## Try it
Only the lines from the one with "This Blackened Silver" through the end of the material are wanted, copied exactly and with the pictures left out.

::: Dataset content :::

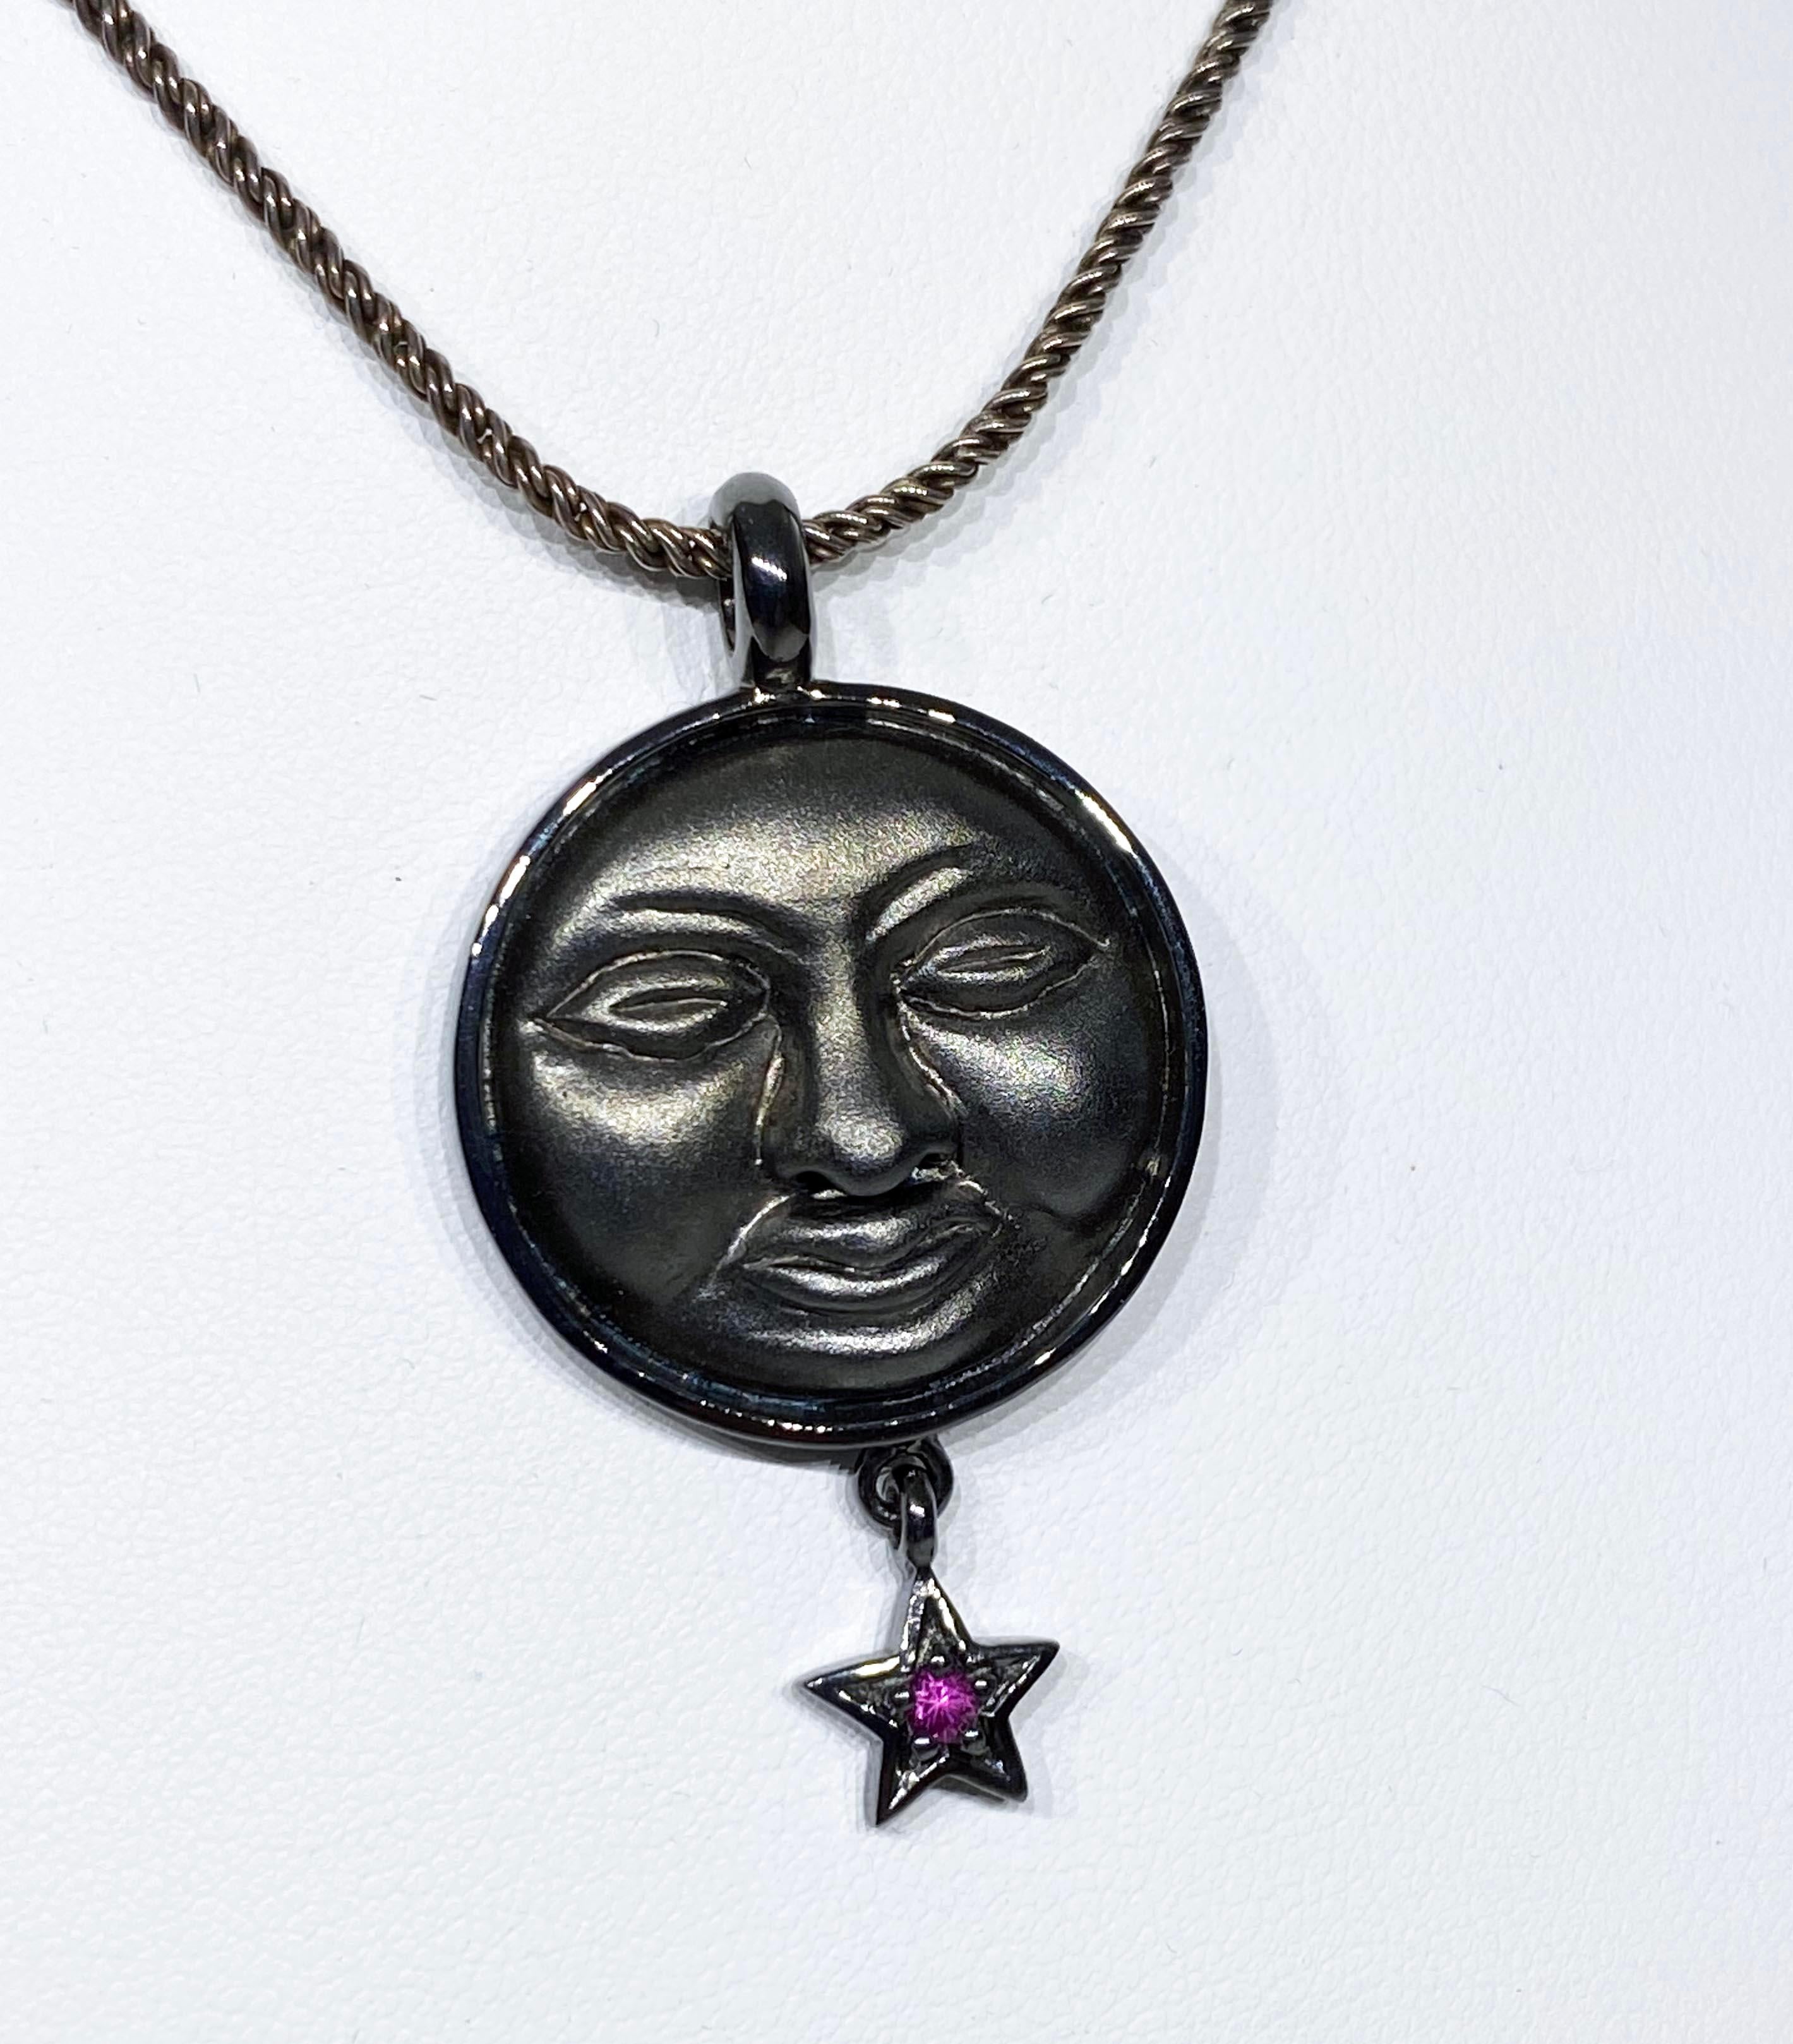 A Blackened Silver Moon Face Pendant
This Blackened Silver Moonface Pendant is is 1.75 inches long and 1 inch wide, This Pendant Slides on a Blackened Silver Chain of 17 Inches. It is acented by a small star dangle set with a Pink Sapphire Round of
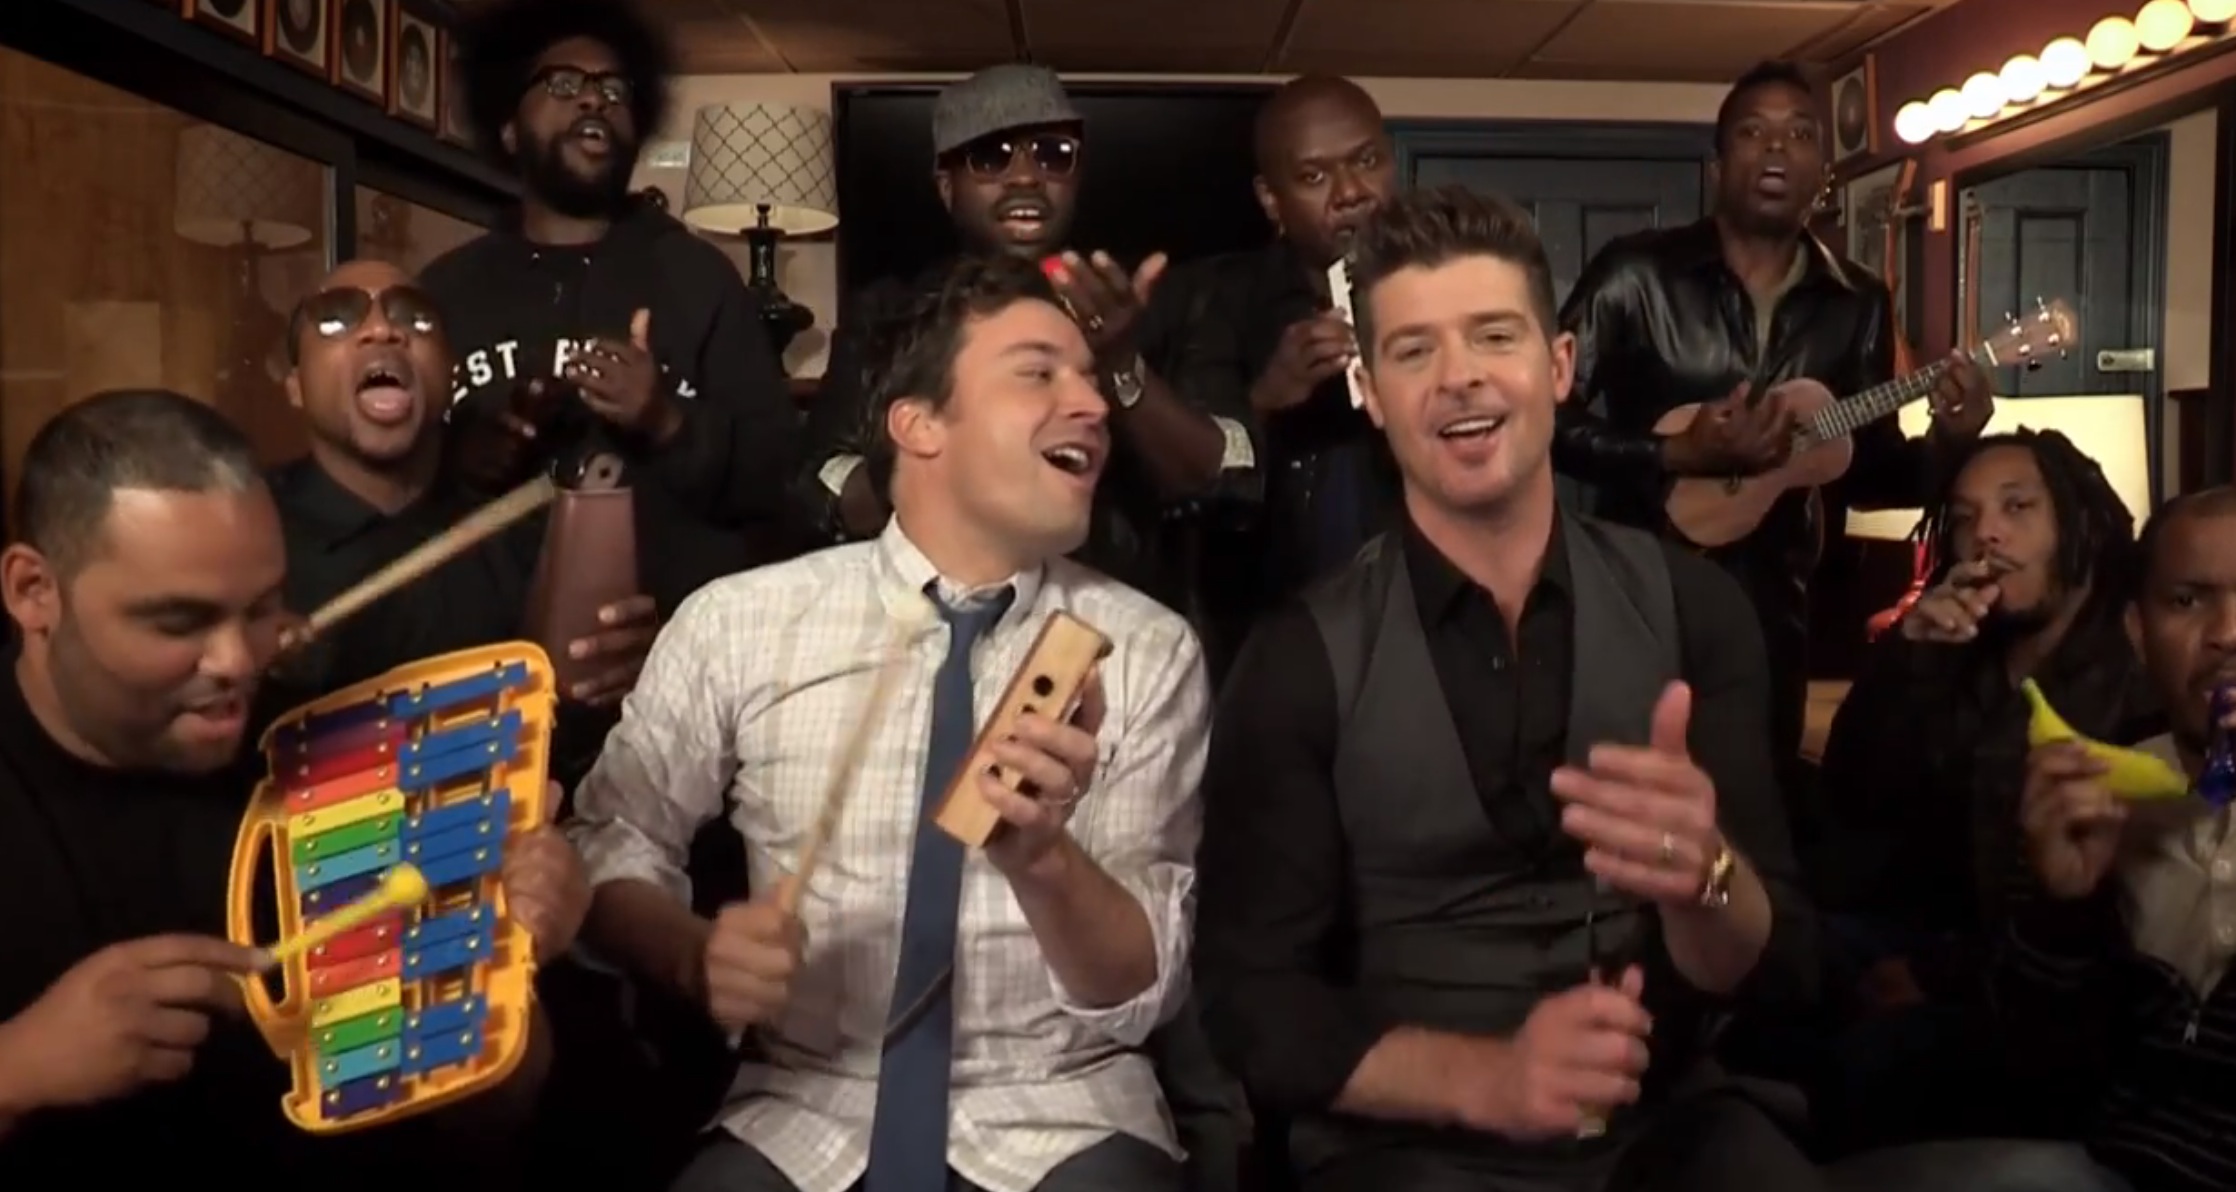 Jimmy Fallon Robin Thicke The Roots Blurred Lines

:::

## Answer for the task
This Blackened Silver Moonface Pendant is is 1.75 inches long and 1 inch wide, This Pendant Slides on a Blackened Silver Chain of 17 Inches. It is acented by a small star dangle set with a Pink Sapphire Round of
 Jimmy Fallon Robin Thicke The Roots Blurred Lines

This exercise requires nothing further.